# Data augmentation

Transform the original dataset with new samples generated through different methods. Most libraries like textattack, nlpaug, are not designed for german sentences.

Source: [Text data augmentations: Permutation, antonyms and negation
](https://www.sciencedirect.com/science/article/abs/pii/S0957417421002104)

## 🎓 Library

In [None]:
from googletrans import Translator
import pandas as pd

DATA = "classification/data/"


## Initial setup

We start with 71570 poems

In [None]:
poems_df = pd.read_parquet(DATA + "de_poems.parquet")

In [None]:
poems_df.head(3)["text"]

In [None]:
new_poems_df = poems_df.copy()

## Line permutation

Check the file `classification/utils.py` for the function `data_augment`. This function shuffles the lines of poems in the same century.


The model `classification/logistic_regression/tfidf.ipynb` can be trained with the augmented data.

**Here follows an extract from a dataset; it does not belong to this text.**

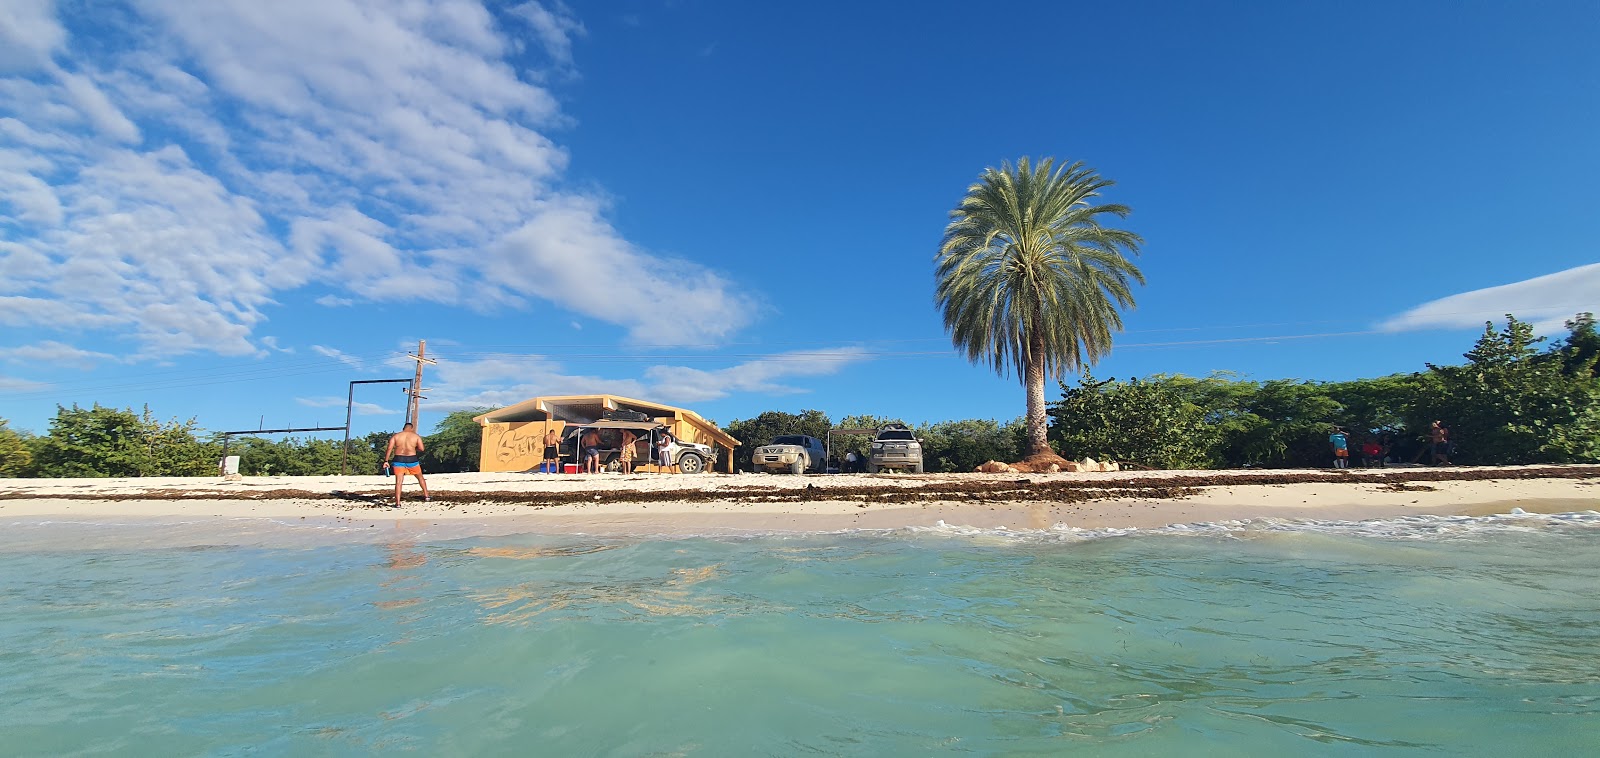 Photo de Cabo Rojo beach - endroit populaire parmi les connaisseurs de la détente

## Translation to english, textattack augment, and back to german

Augmenting with textattack changes proper names and quantities.

In [None]:
translator = Translator()

In [None]:
transformed_poems = []
for index, row in new_poems_df.iterrows():
    translated = await translator.translate(row["text"], src="de", dest="en")
    translated_row = {
        "title": row["title"],
        "text": translated.text,
        "author": row["author"],
        "creation": row["creation"]
    }
    transformed_poems.append(translated_row)

translated_df = pd.DataFrame(transformed_poems)

## Germanet synonyms

GermaNet is a semantic network for german, similar to WordNet. It contains information about the meaning of words and their relationships to each other. It can be used to find semantic relations between words, such as synonyms, and antonyms.

Sadly the dataset is not open source and needs to have an authorization to use it.